How To Protect Your Baby from Group B Strep (GBS) Infection

  1. What is Group B Streptococcus? Group B Streptococcus (GBS) is a very common bacterium. It occurs naturally in many people, from babies to the elderly, and typically causes no harm or symptoms. Carrying GBS (also called GBS colonisation or GBS carriage) is entirely normal - up to one in every three people carries GBS in the gut (bowel), and in women it is often also found in the vagina. Carrying GBS can be intermittent - it can come and go - and simply carrying GBS does not require treatment.
  2. What is GBS infection in Babies? GBS carriage is harmless, but the bacteria can cause infection. GBS infection (when the bacterium starts to cause harm) occurs most often in newborn babies before, during or shortly after birth - thankfully this happens relatively rarely, in only approximately one in every 1,000 babies where no preventative action is taken. However, this still means that UK wide, 700 babies a year develop GBS infection - usually septicaemia, pneumonia and/or meningitis. Most fully recover, but around 10% of babies infected with GBS die and survivors can be left with serious mental or physical disabilities.
  3. How can I protect my baby from a GBS Infection? Most newborn babies who develop GBS infection are born where recognised ‘risk factors' are present. These are:
    • The mother has previously had a baby infected with GBS - risk is increased 10 fold
    • The mother has been found to carry GBS in this pregnancy or GBS has been found in the urine at any time during this pregnancy - risk is increased 4 fold

    Any of the following clinical risk factors - risk of GBS infection is increased 3 fold

    • Labour starts or membranes rupture before 37 weeks of pregnancy is completed
    • Where the waters (membranes) have broken more than 18 hours before the baby is born
    • Where the mother has a temperature during labour of 37.8°C or higher.

    If your baby is at increased risk of developing GBS infection because one or more of the above ‘risk factors' is present, then you can consider having intravenous (through a vein) antibiotics as soon as possible from the start of labour and at intervals until labour. This is highly effective at preventing the GBS bacteria infecting newborn babies and causing septicaemia, pneumonia and meningitis.

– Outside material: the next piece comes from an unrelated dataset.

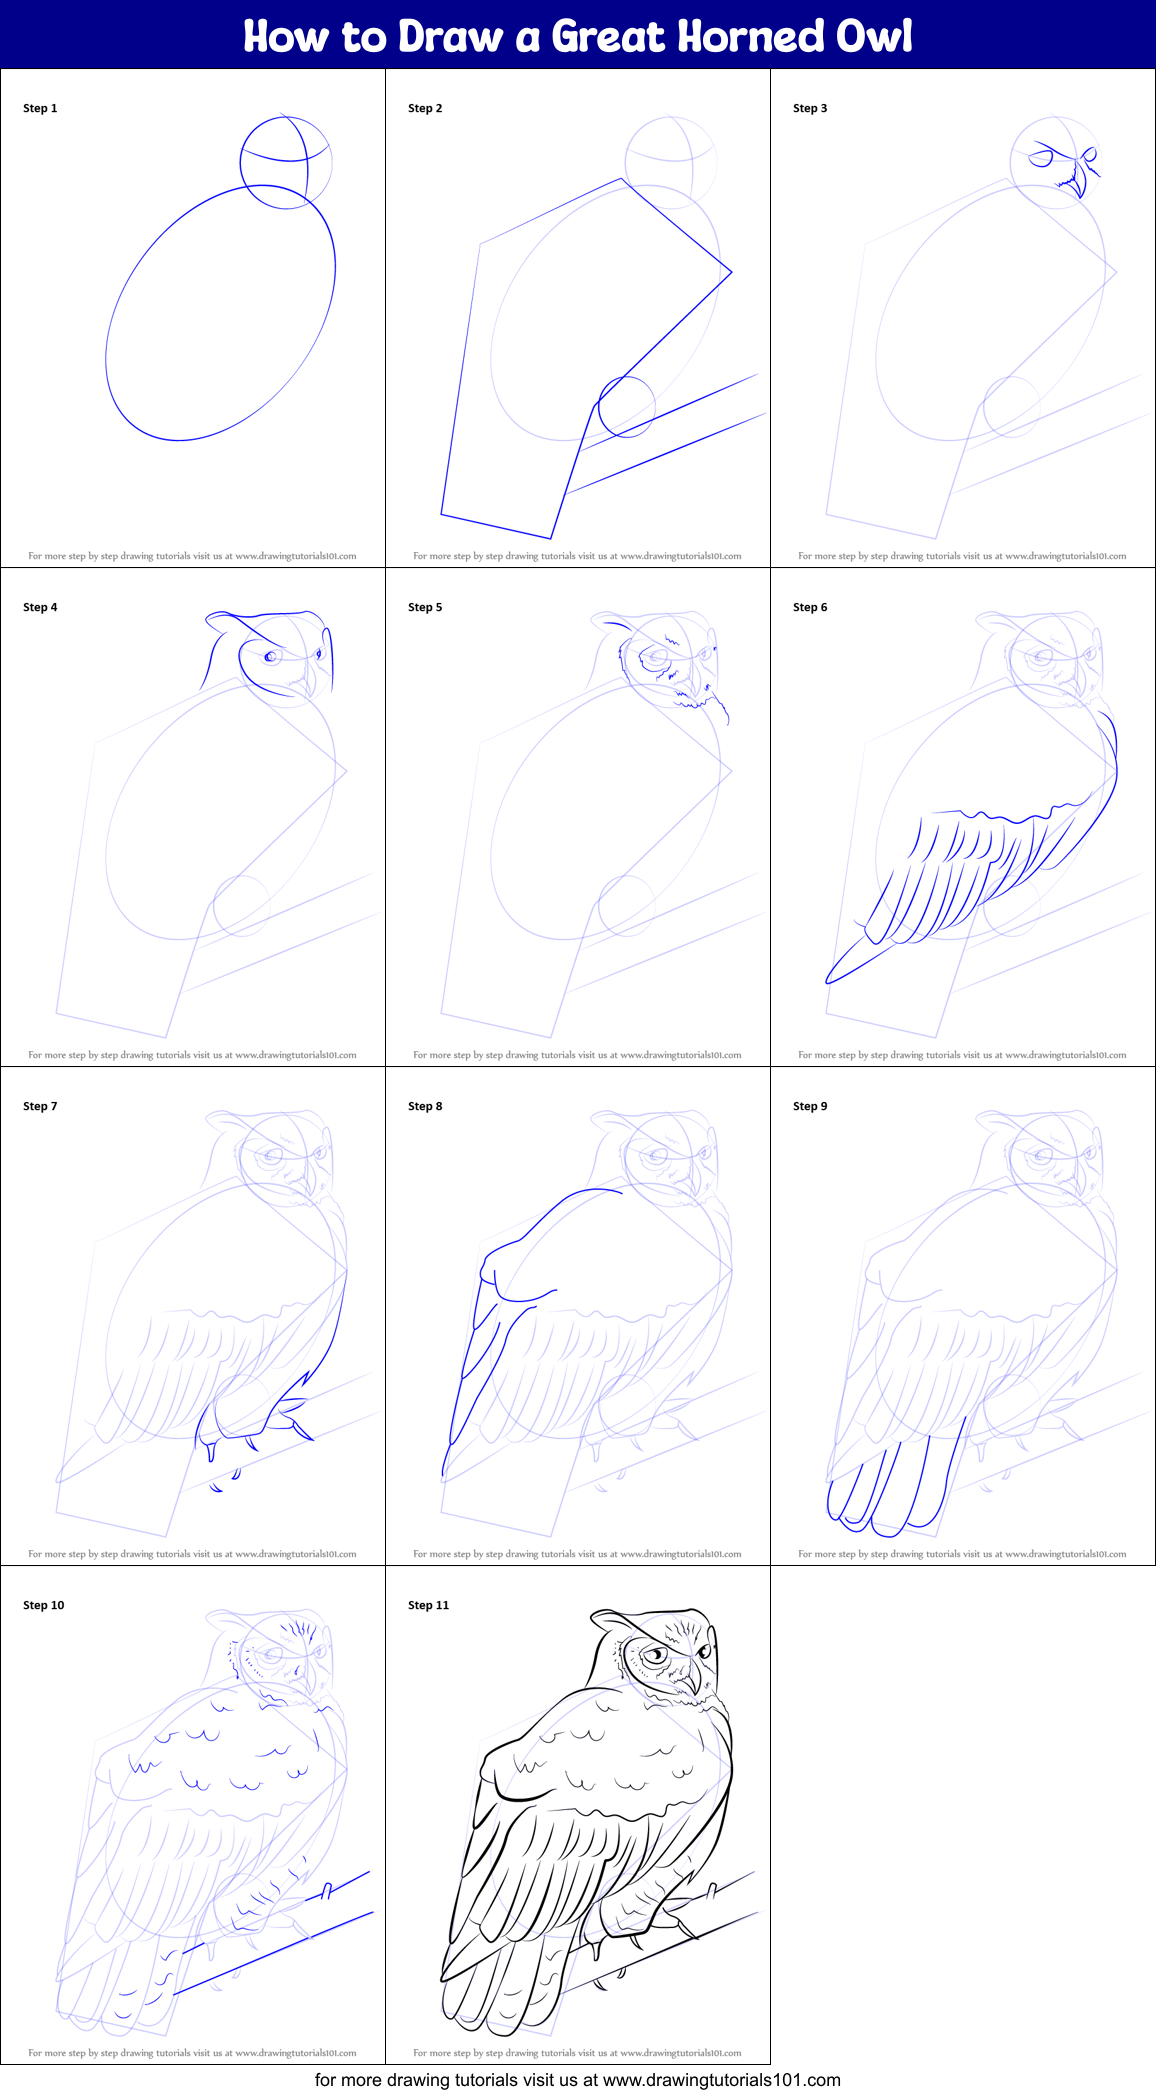 How to Draw a Great Horned Owl printable step by step drawing sheet

  4. How do I find out if I am carrying GBS? You can find out if you carry GBS by having a test to detect it since you won't have any signs or symptoms if it's there. Testing for GBS carriage during pregnancy is not routine in the UK,

    There are currently two tests used in the UK to detect GBS carriage

    • The High Vaginal Swab (or HVS) or, less commonly, the Low Vaginal Swab (LVS) -A high or low vaginal swab is taken and then sent to the laboratory, where the material from the swabs are cultured using standard culturing media. This test is available on the NHS and, although a positive result from this test is highly reliable, a negative result is not. Up to half of all women carrying GBS when a standard HVS or LVS test is conducted will be given a false negative result.
    • The Enriched Culture Medium (or ECM) test - A low vaginal and a rectal swab is taken and sent to the laboratory for testing using enriched culture media, hence the name. The ECM test is considered the "Gold Standard" and is the best GBS screening available. This test is available from a handful of NHS hospitals and from two private laboratories.

    The best time to test for GBS carriage is after 35 weeks of pregnancy - GBS carriage causes no symptoms and can be intermittent. However, an ECM test result (positive or negative) will be very predictive of GBS carriage status for around 5 weeks, which is why - if you are going to test for GBS carriage - it's normally done at 35-37 weeks of pregnancy.